Vectoria's power comes from its ability to choose the best strategy. Think of it as a competition where different compression models compete to see which can represent your data in the fewest bits.

### \#\#\# Step 1: Vectorization

First, the input bitstream is chopped into small, 3-bit chunks (e.g., `'010'`). These chunks are then grouped into **vectors**. For a `vector_size` of 2, the stream `'010111001...'` becomes `('010', '111')`, `('001', ...)` and so on. This step turns the raw bitstream into a sequence of higher-level symbols.

### \#\#\# Step 2: The Competition

For a range of possible dictionary sizes (the "codebook"), Vectoria simulates two powerful compression models to see which performs better.

#### **Model A: The MTF-RLE Pipeline**

This model is designed to excel with data that has **locality of reference** (i.e., where the same vectors appear frequently in bursts).

`Tokens -> Move-to-Front (MTF) -> Run-Length Encode (RLE) of Zeros -> Huffman/Rice Coding`

1.  **Move-to-Front (MTF):** The sequence of vectors is transformed. When a vector is seen, it's replaced by its current position in a dynamic list and then moved to the front. Frequent vectors consistently get encoded as small numbers (like 0, 1, 2).
2.  **Run-Length Encoding (RLE):** Because MTF generates long runs of zeros for the most frequent vector, a specialized RLE process efficiently compresses these runs.
3.  **Entropy Coding:** The resulting symbols and run-lengths are then compressed using Huffman and Rice coding.

#### **Model B: The Contextual Model**

This model is designed to excel with data that has **strong local patterns**, where the next vector is highly predictable from the current vector.

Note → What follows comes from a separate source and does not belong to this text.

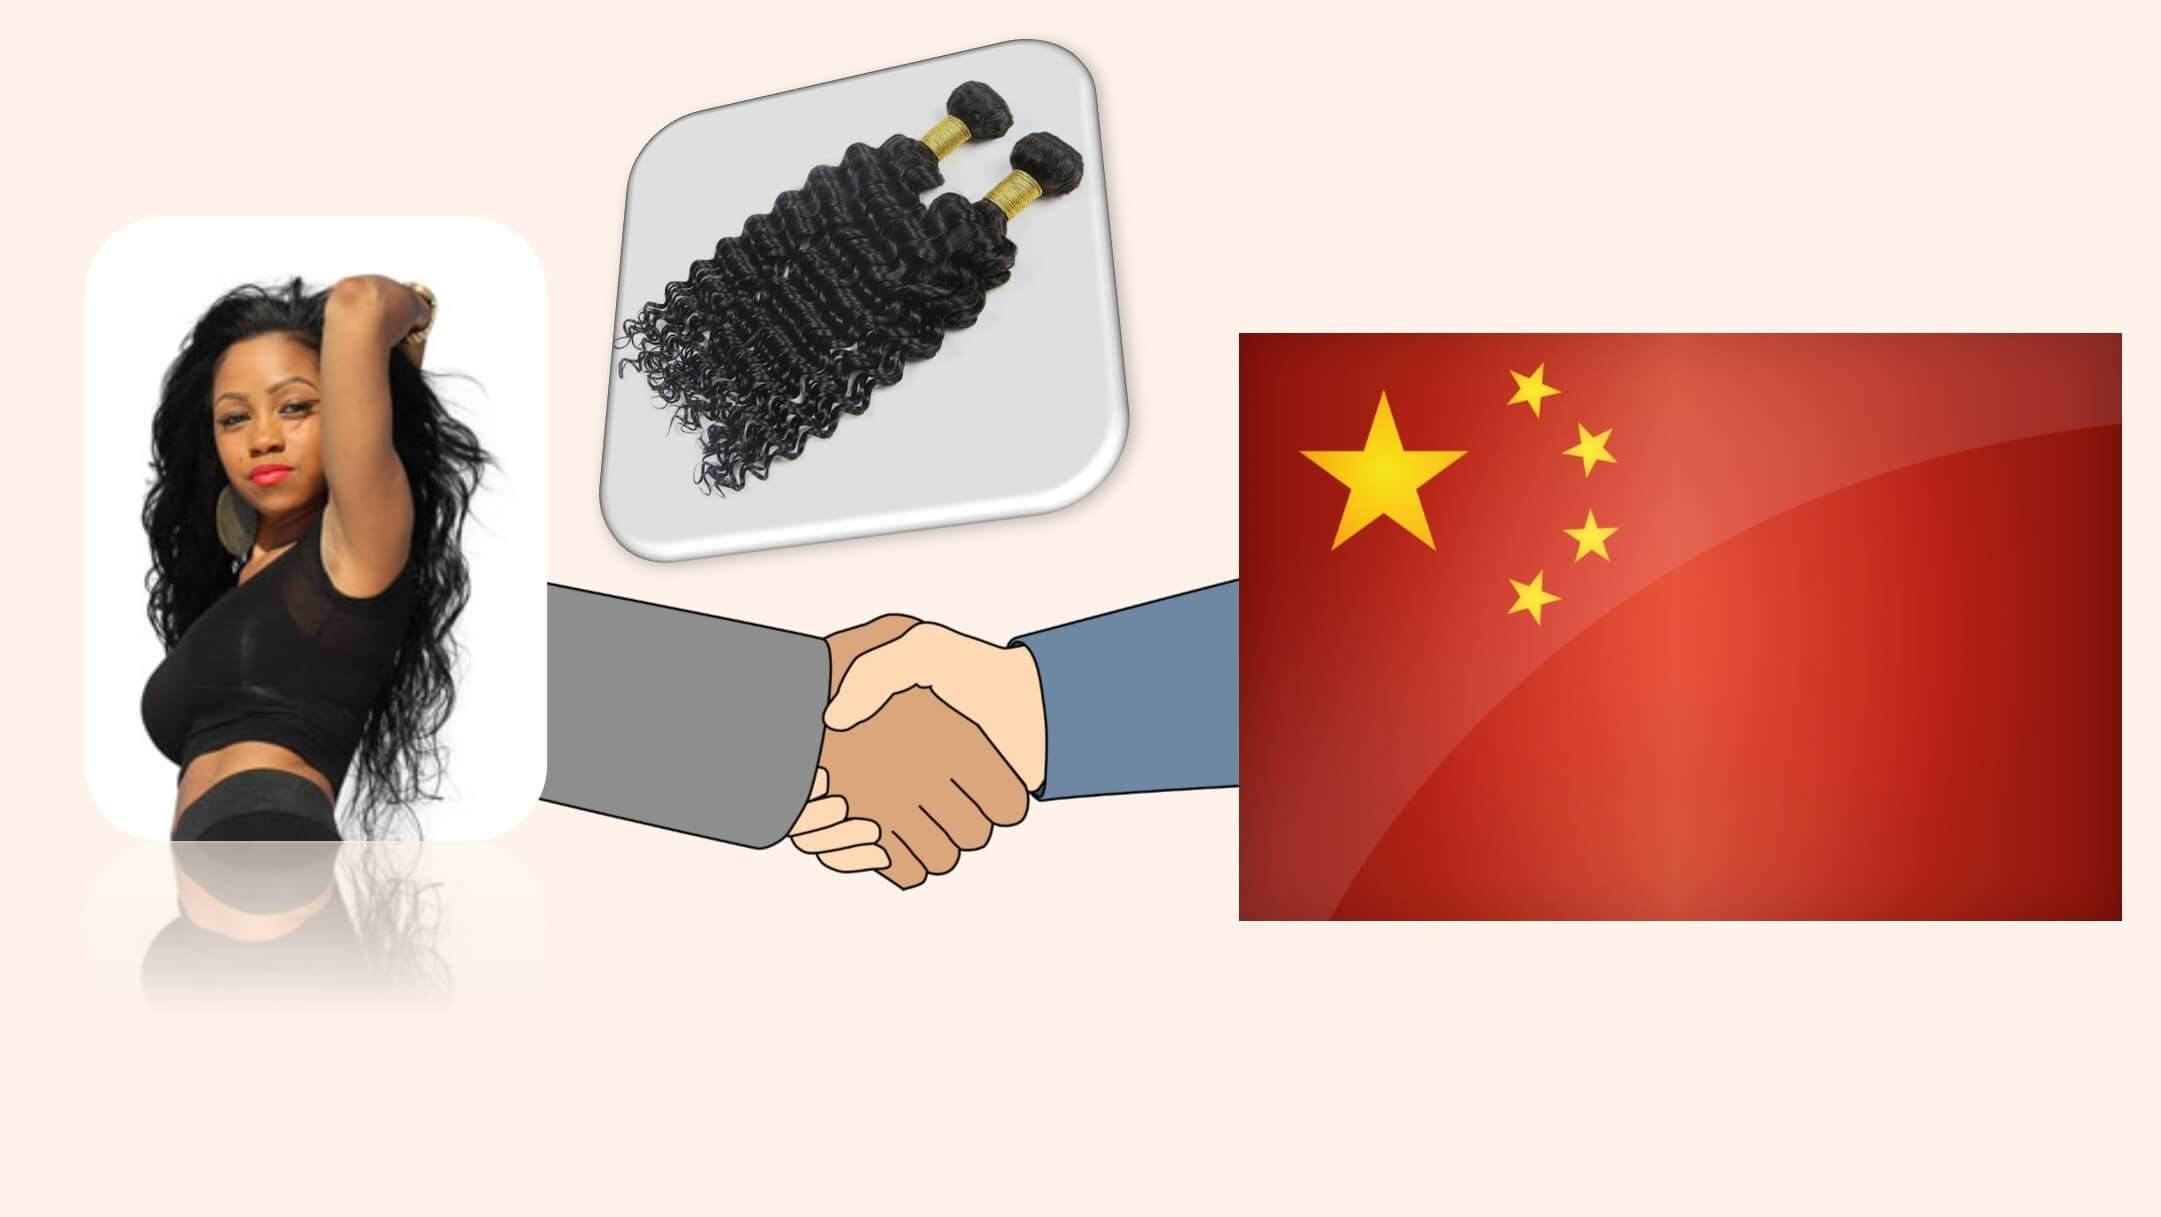 中国假发供应商如何卖假发到国外赚取更多的利润

`Tokens -> Context-based Huffman Coding`

1.  **Context Modeling:** It builds a statistical model where the probability of the next vector depends on the vector that came just before it. For example, it learns that the vector `('010', '111')` is very likely to be followed by `('000', '001')`.
2.  **Huffman Coding:** It uses a different Huffman table for each context, allowing for extremely tight compression when these local patterns are strong.

### \#\#\# Step 3: The Decision

Vectoria runs this competition for multiple codebook sizes (`K=1, 2, ... max_codebook_size`). Using its precise bit-accounting model, it calculates the exact final compressed size for every single configuration. Finally, it picks the **undisputed winner**—the combination of codebook size and model type that results in the absolute minimum number of bits—and uses that to perform the final encoding.

-----

## \#\# License

This project is licensed under the MIT License. See the `LICENSE` file for details.